ASP Vinod dies unexpectedly during his duty at Vagamon police station, prompting his twin brother DSP Pramod to investigate. The film explores the unique bond between the brothers, delving into childhood trauma and sibling rivalry. Rohit M G Krishnan’s thriller unfolds with multiple layers, skillfully showcasing the acting prowess of Joju George, who plays both characters distinctively. The supporting cast, including Anjali, Sunil Surya, Sabumon Abdusamad, and Arya Salim, deliver outstanding performances.

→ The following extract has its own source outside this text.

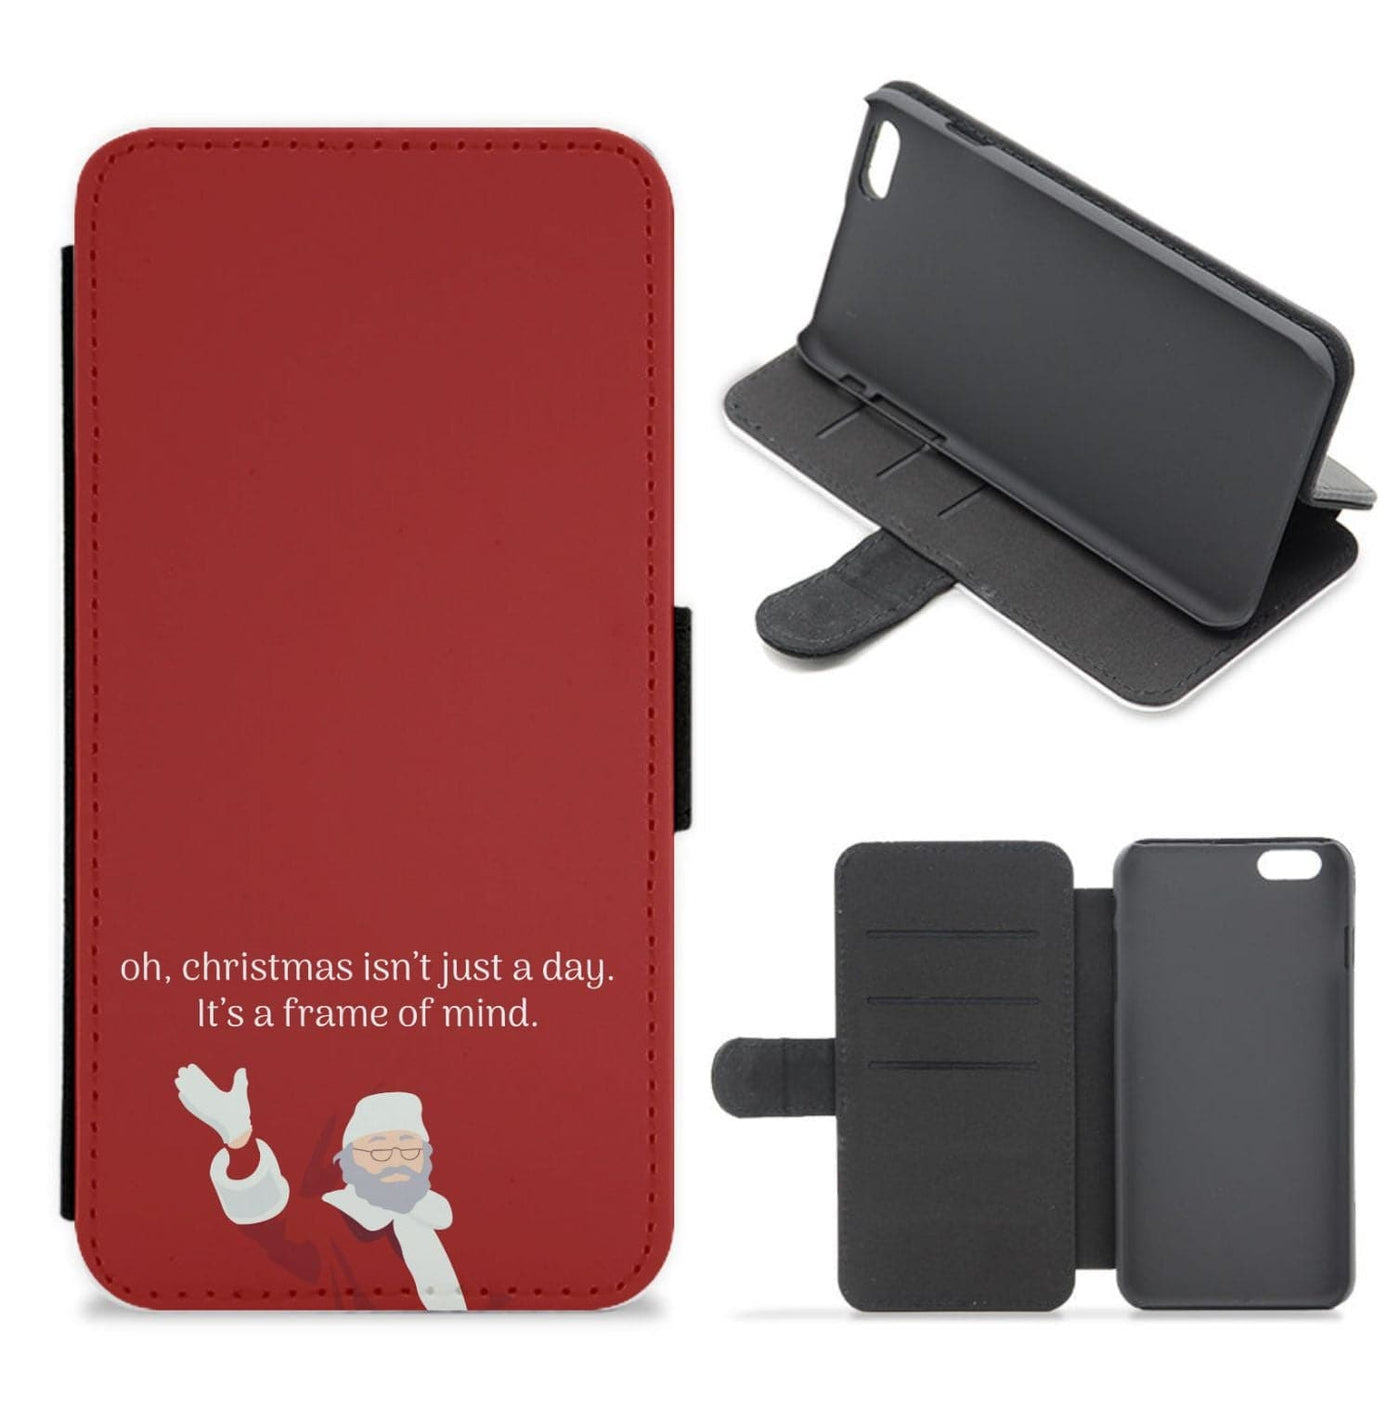 Christmas Isn't Just A Day - Christmas Flip / Wallet Phone Case

The background score by Jakes Bejoy, along with Vijay’s cinematography and Manu Antony’s editing, contributes to the film’s suspenseful tone. “Iratta” stands out as a captivating suspense thriller with a nuanced portrayal of characters and feminist themes. Joju George reaffirms his acting caliber, and the film leaves a lasting impact on the audience.

Nanpakal Nerathu Mayakkam

Watching “Nanpakal Nerathu Mayakkam” feels like experiencing the Kochi Muziris Biennale – initially skeptical, then awed, yet unsure about the essence. Lijo Jose Pellissery’s films prioritize characters, heightened emotions, and atmosphere over plot, creating a distinct mood. Mammootty portrays James, a complex patriarch who mysteriously assumes another identity during a pilgrimage. The film, open-ended and enigmatic, delves into the exploration of different lives and personal truths. Mammootty’s stellar performance, Lijo’s mature direction, and Theni Eswar’s cinematography contribute to the film’s unique allure, generating substantial interest at film festivals and promising continued buzz in theaters.